As eleições legislativas do último dia 26 na Venezuela foram marcadas pelo ressurgimento da oposição na cena política nacional. Apesar de manter a maioria absoluta da Assembleia Nacio­­nal, o presidente Hugo Chávez e seu partido PUSV perderam a maioria de dois terços dos deputados, condição essencial à aprovação de matérias extraordinárias no Legislativo. E o que, de fato, significa esse retorno da oposição?

Para Rafael Villa, professor ve­­nezuelano que leciona no De­­partamento de Ciência Política da USP, quem ganha com a volta dos opositores são as instituições democráticas, que saem fortalecidas após cinco anos de quase total ausência de contraponto no Poder Legislativo.
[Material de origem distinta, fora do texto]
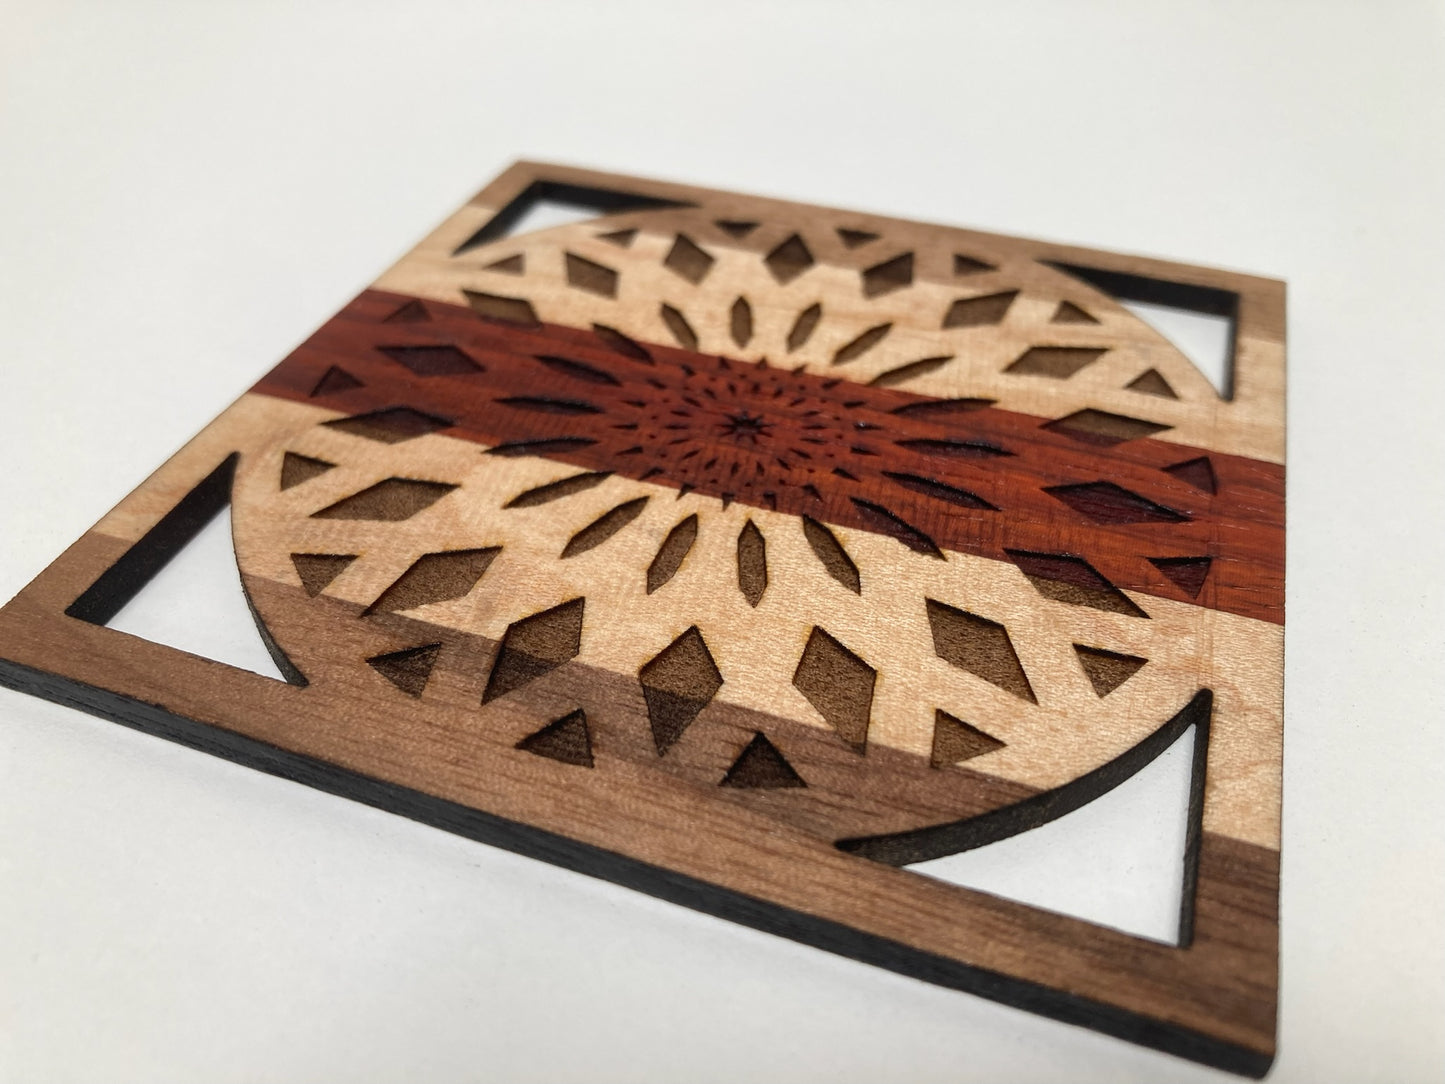 Mandala Design Coasters

Em entrevista à Gazeta do Povo, por telefone, Villa fala do novo cenário político venezuelano, das possíveis dificuldades a serem enfrentadas por Chávez no Legislativo e dos planos de reeleição do presidente.

Qual a importância do ressurgimento da oposição na Vene­­zue­­la?

A principal característica desse ressurgimento é o impacto que a presença de uma oposição ao governo causa às instituições democráticas do país. Até porque é muito complicado pensarmos num governo democrático com um Parlamento sem oposição. Esse é o aspecto mais importante, já que ela volta a ocupar um espaço do qual ela mesma havia se ausentado quando decidiu não concorrer às eleições le­­gislativas de 2005. Ela mesmo havia se boicotado, fato que prejudicou sua posição política na Venezuela.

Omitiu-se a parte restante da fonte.